Wednesday 25 October 2006

Israel, the IDF and State Terrorism

I've been having a chat with my new mate taltalk in the comments of the post on the atrocities at Qana

Whilst searching through the myriad of articles that link Israel and the IDF with state terrorsim and murder, I came across this excellent article written by John Pilger in 2004. Here's a snippet:
Only by recognizing the terrorism of states is it possible to understand, and deal with, acts of terrorism by groups and individuals which, however horrific, are tiny by comparison. Moreover, their source is inevitably the official terrorism for which there is no media language. Thus, the State of Israel has been able to convince many outsiders that it is merely a victim of terrorism when, in fact, its own unrelenting, planned terrorism is the cause of the infamous retaliation by Palestinian suicide bombers. ...

On September 7, a Palestinian suicide bomber killed 16 Israelis in the town of Beersheba. Every television news report allowed the Israeli government spokesman to use this tragedy to justify the building of an apartheid wall ­ when the wall is pivotal to the causes of Palestinian violence. Almost every news report marked the end of a five-month period of "relative peace and calm" and "a lull in the violence." During those five months of relative peace and calm, almost 400 Palestinians were killed, 71 of them in assassinations. During the lull in the violence, more than 73 Palestinian children were killed. A 13-year-old was murdered with a bullet through the heart, a 5-year-old was shot in her face as she walked arm in arm with her 2-year-old sister. The body of Mazen Majid, aged 14, was riddled with 18 Israeli bullets as he and his family fled their bulldozed home.

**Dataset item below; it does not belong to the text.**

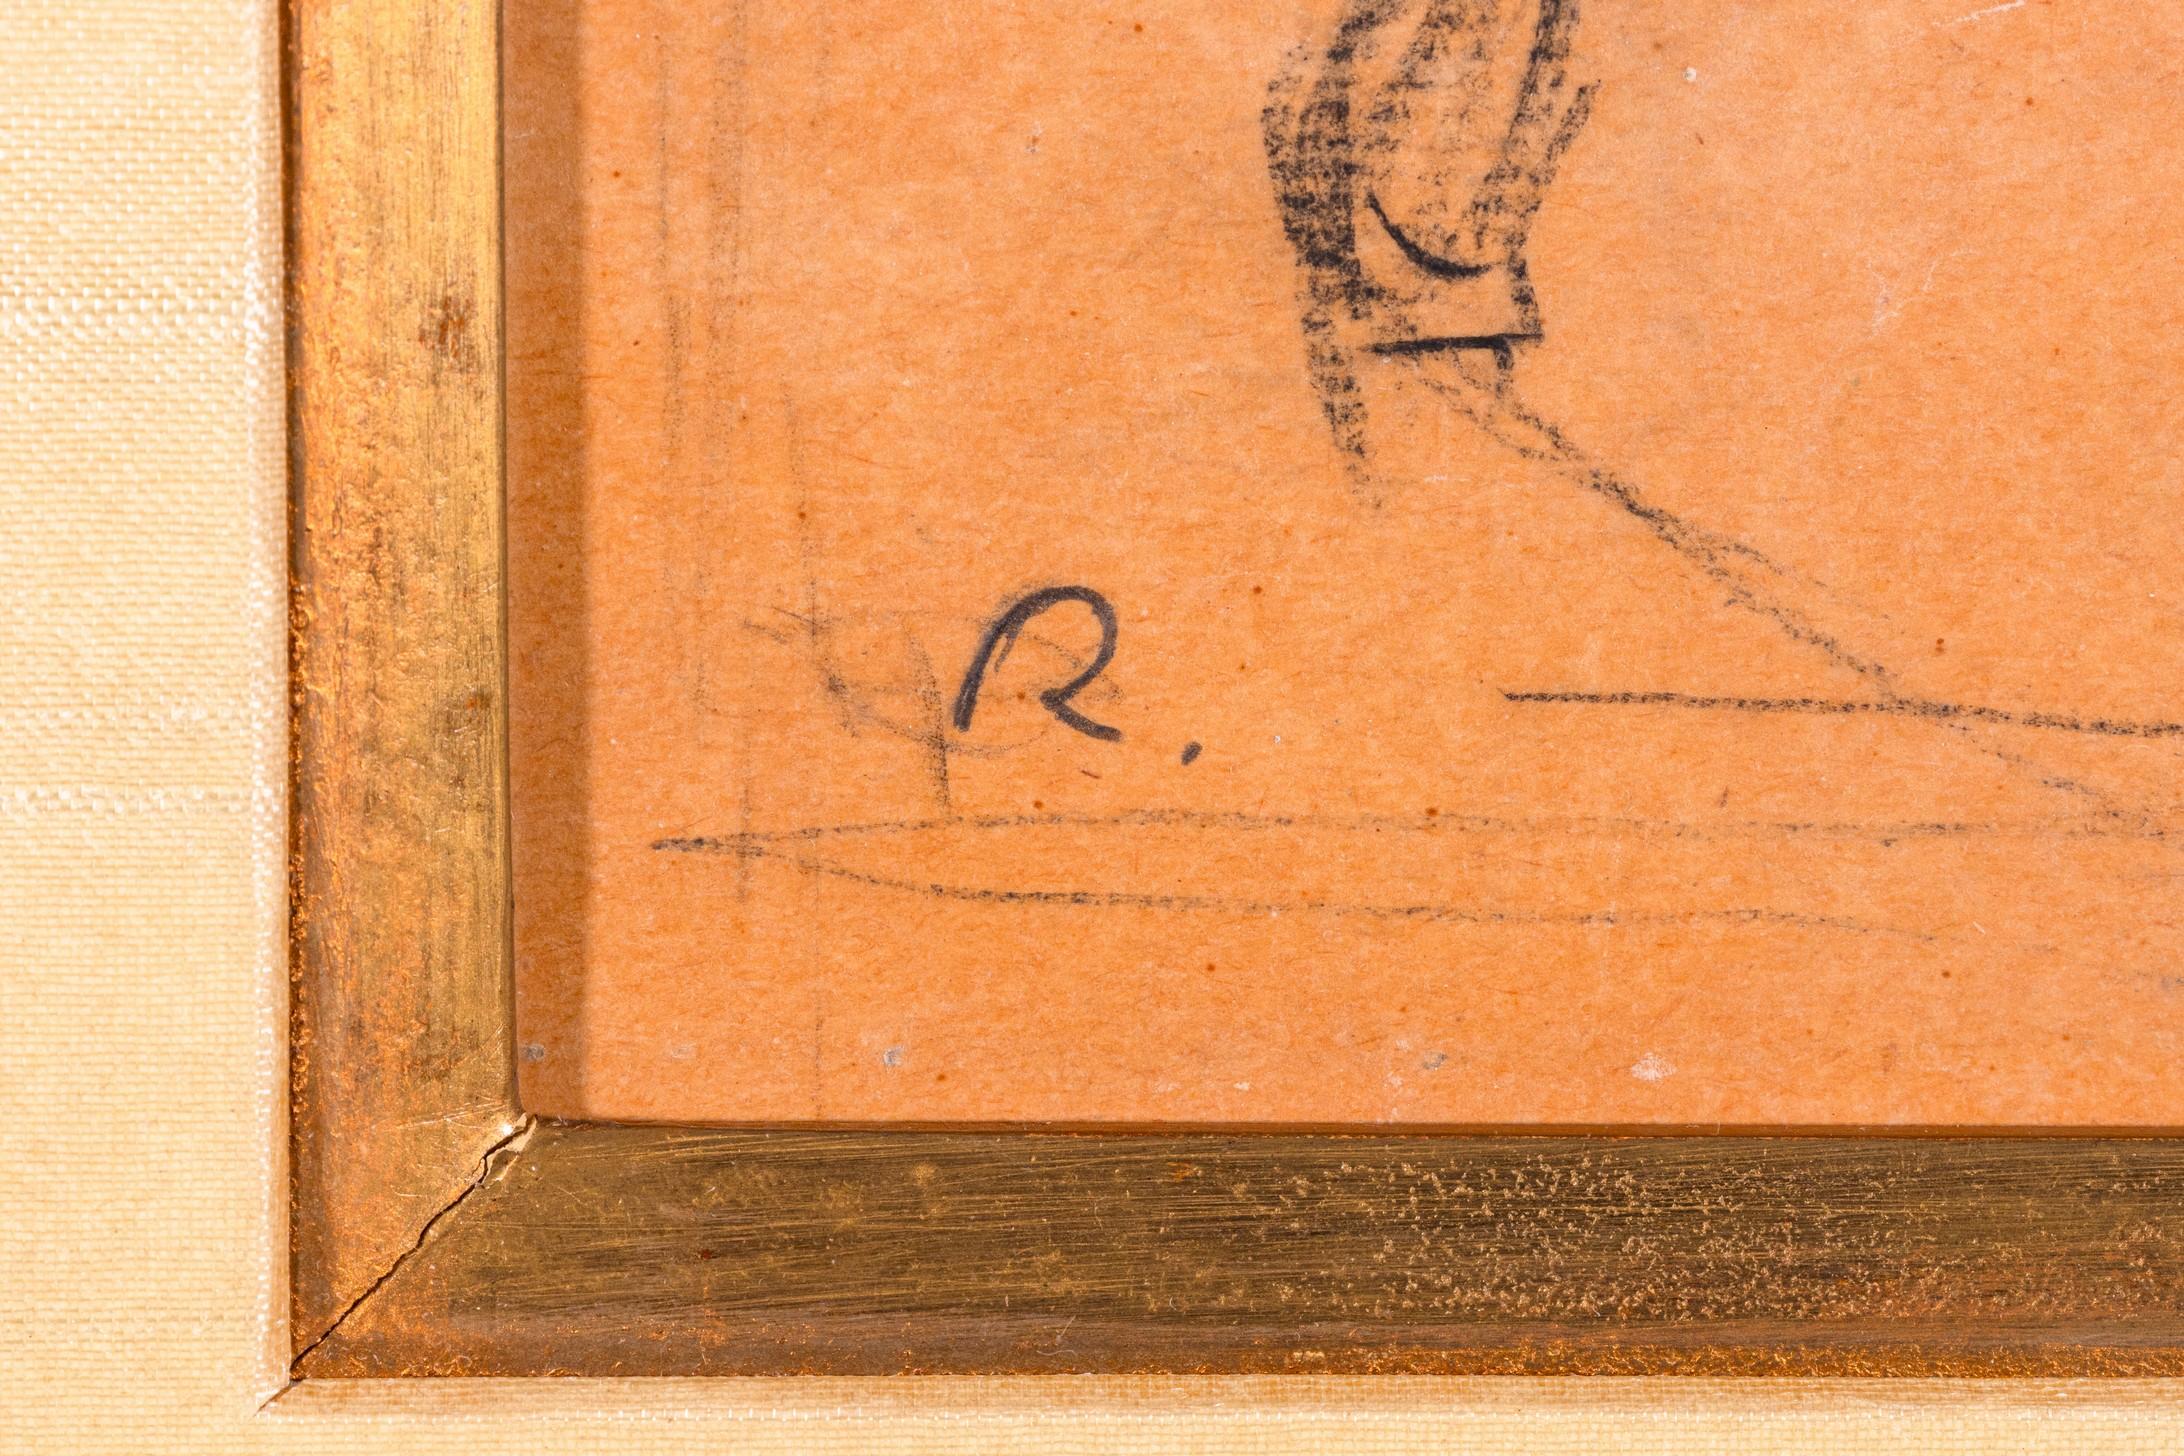 Pierre-Auguste Renoir Madame de Galéa Signed Original Sketch Graphite on Paper For Sale 3

None of this was reported in Britain as terrorism. Most of it was not reported at all. After all, this was a period of peace and calm, a lull in the violence. On May 19, Israeli tanks and helicopters fired on peaceful demonstrators, killing eight of them. This atrocity had a certain significance; the demonstration was part of a growing nonviolent Palestinian movement, which has seen peaceful protest gatherings, often with prayers, along the apartheid wall. The rise of this Gandhian movement is barely noted in the outside world.

and

"Few of us", wrote the playwright Arthur Miller, "can easily surrender our belief that society must somehow make sense. The thought that the state has lost its mind and is punishing so many innocent people is intolerable. And so the evidence has to be internally denied."

Since 2004, there have been many more atrcities conducted by the IDF, the last of course being the disgusting attack on Lebanon. It is beyond my comprehension how someone can say that Israel is not a rogue state.